What you are asked to do
Using only the entries below, copy exactly the lines that begin at the one with "军事史上造型最奇葩的十大坦克,奇葩到超出你的想象" and end at the one with "Nicht um Windkraft", both included. Drop the pictures.

Data in this exercise
=== Begin Enclosure ===
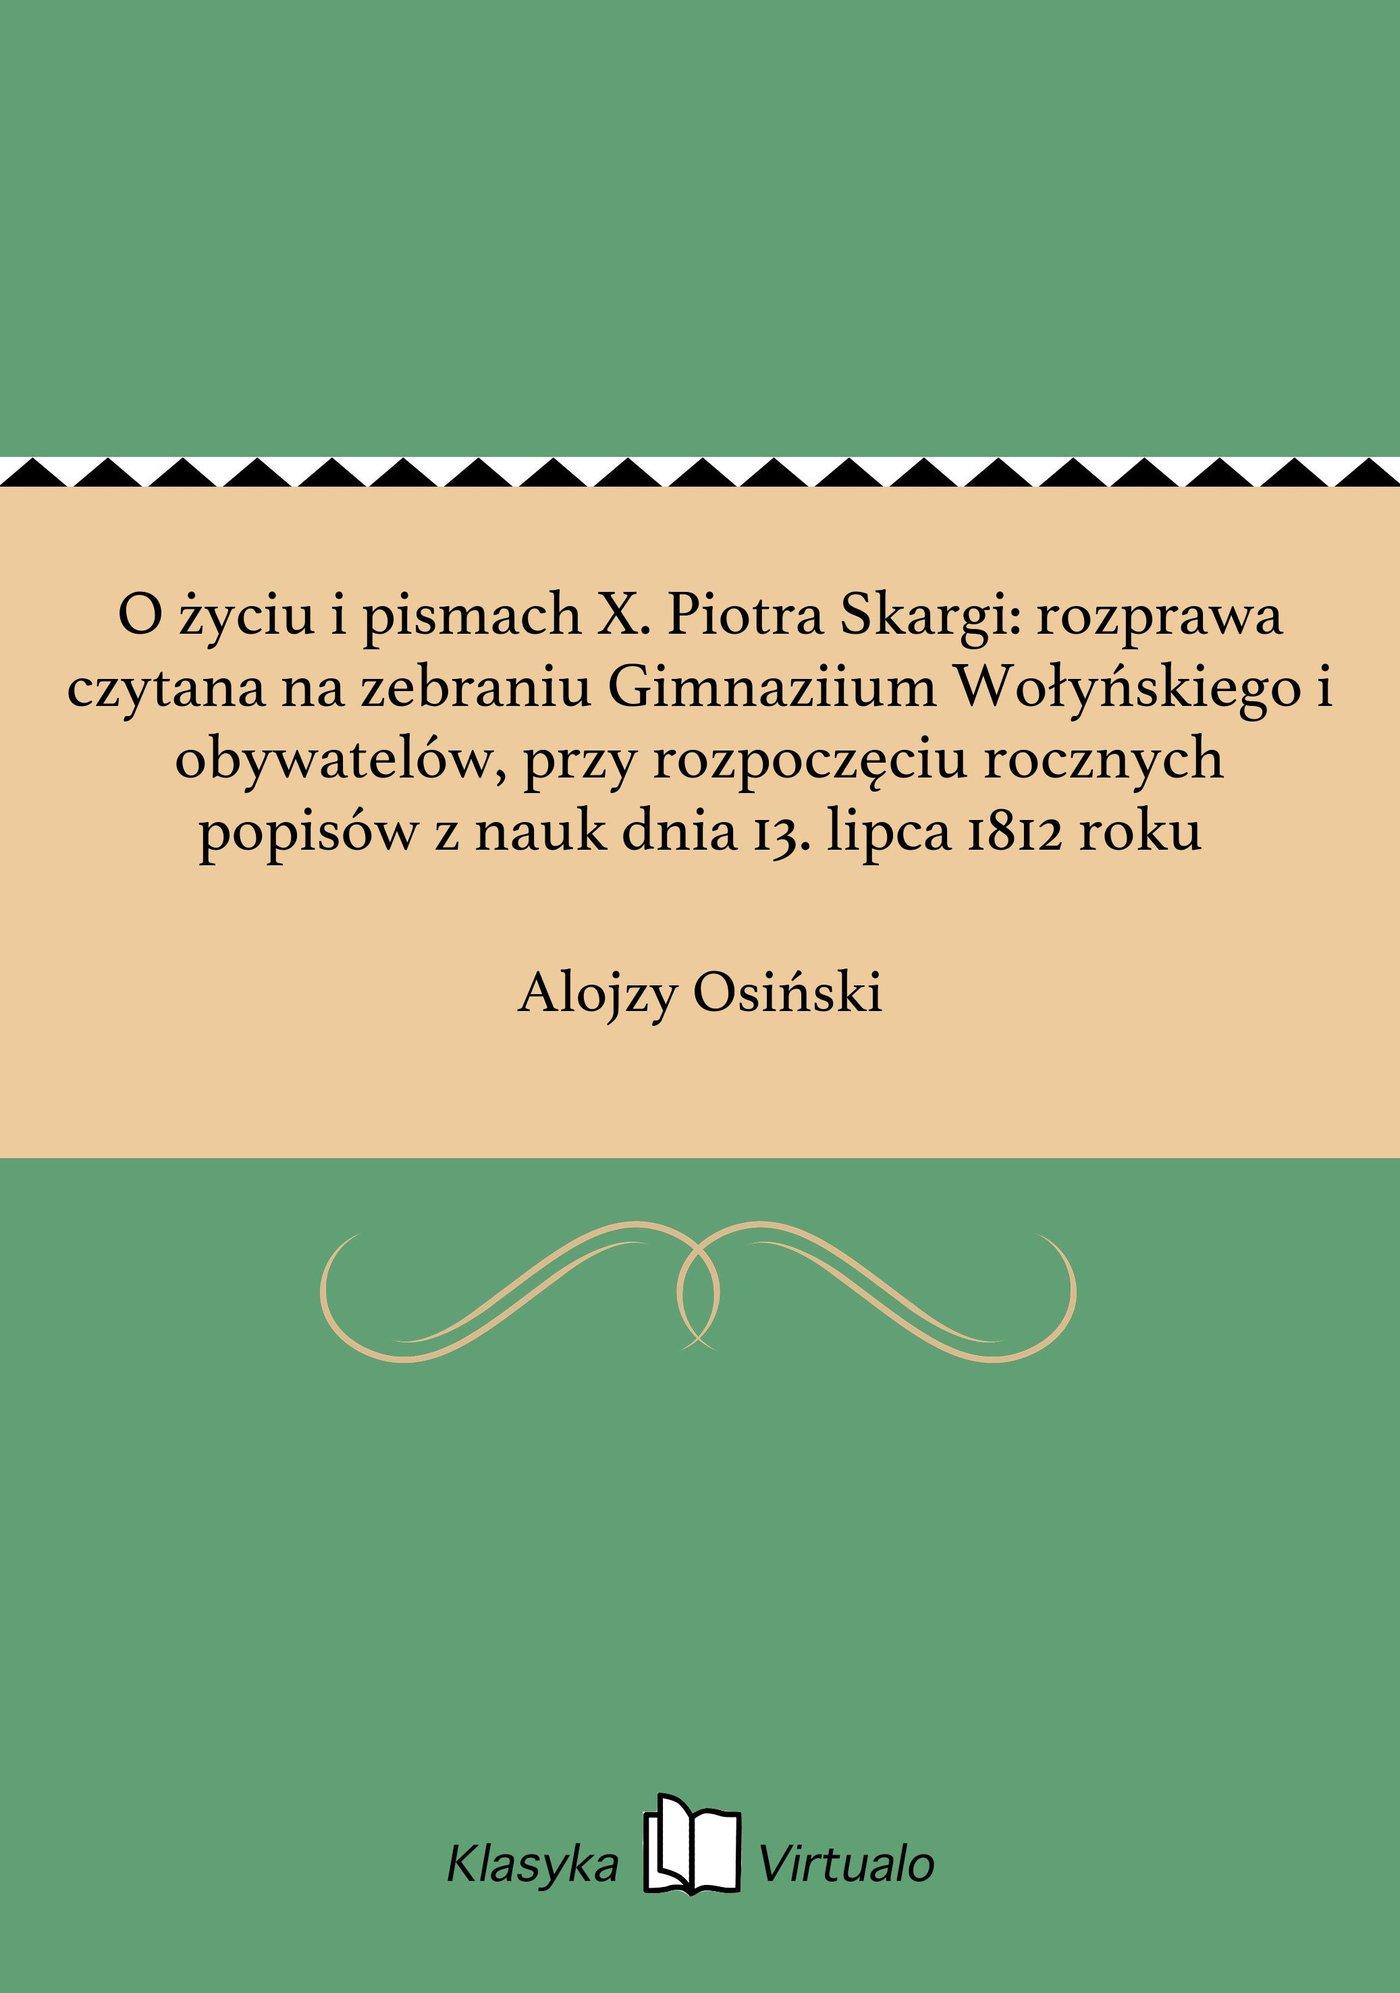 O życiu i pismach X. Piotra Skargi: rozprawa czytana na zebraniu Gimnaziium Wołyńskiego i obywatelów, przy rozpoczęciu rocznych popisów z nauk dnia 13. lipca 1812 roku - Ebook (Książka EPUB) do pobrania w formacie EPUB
=== End Enclosure ===
=== Begin Enclosure ===
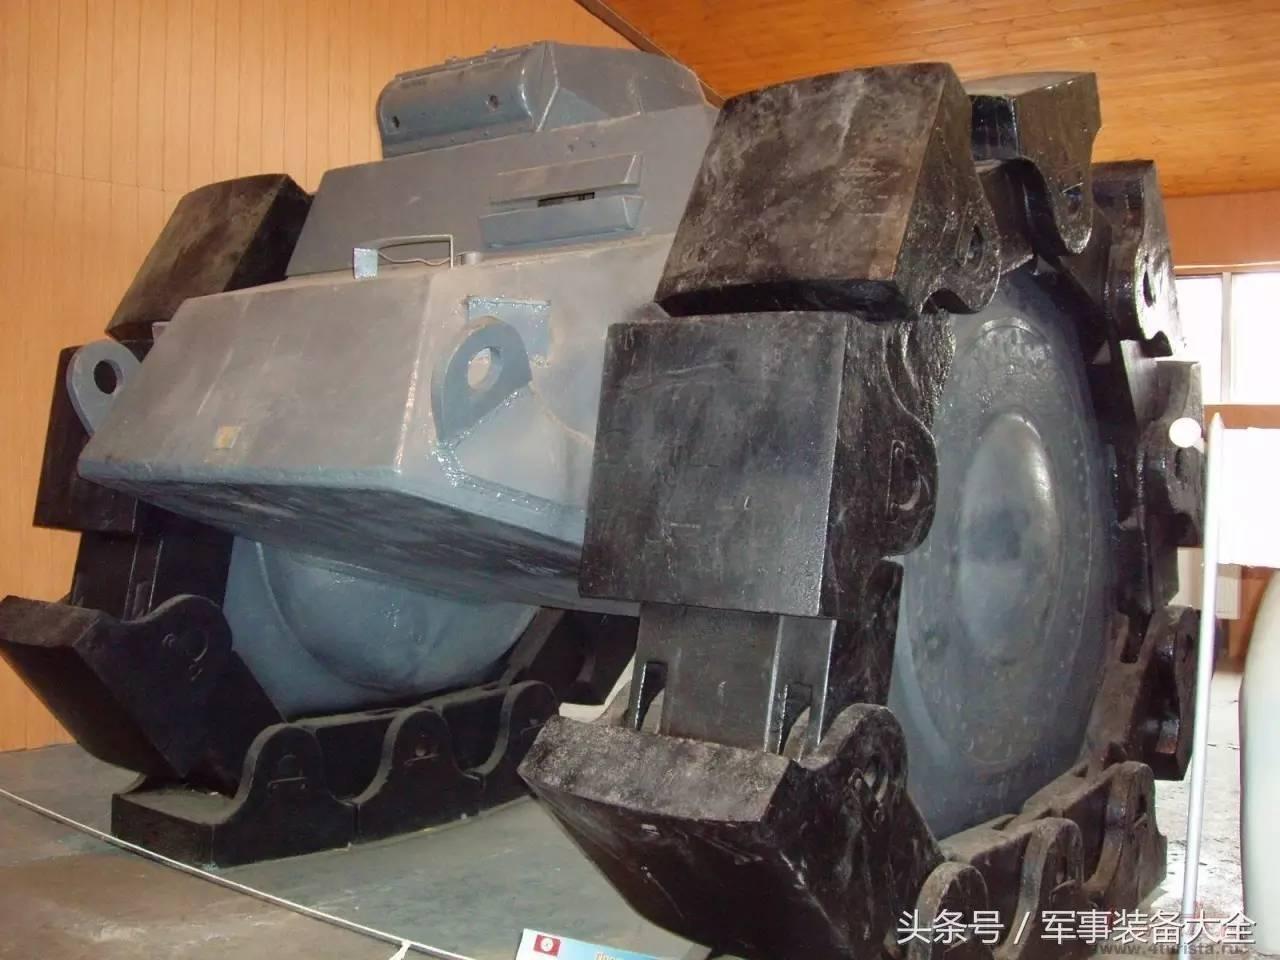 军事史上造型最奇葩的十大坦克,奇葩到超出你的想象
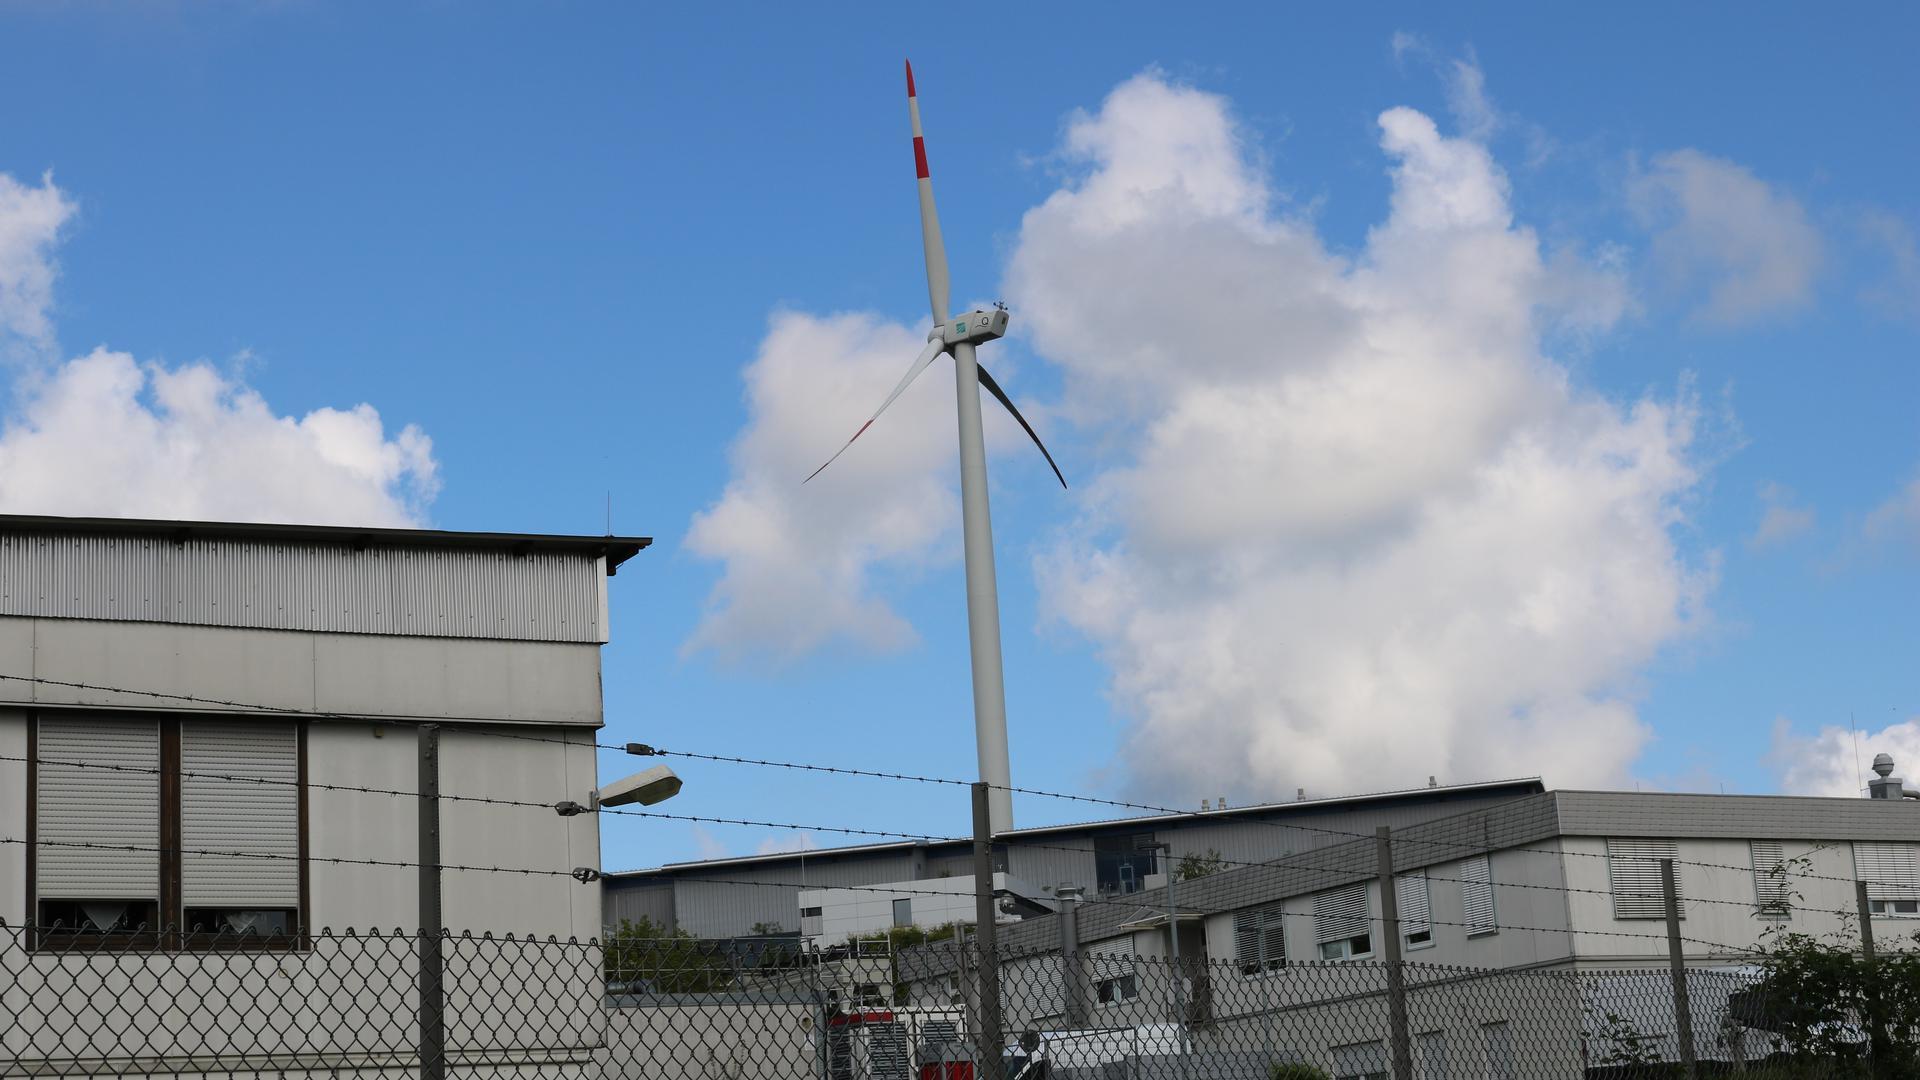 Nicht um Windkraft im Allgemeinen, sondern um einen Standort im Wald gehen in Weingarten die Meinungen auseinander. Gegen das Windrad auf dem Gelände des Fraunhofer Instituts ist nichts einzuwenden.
=== End Enclosure ===
Response
 军事史上造型最奇葩的十大坦克,奇葩到超出你的想象
 Nicht um Windkraft im Allgemeinen, sondern um einen Standort im Wald gehen in Weingarten die Meinungen auseinander. Gegen das Windrad auf dem Gelände des Fraunhofer Instituts ist nichts einzuwenden.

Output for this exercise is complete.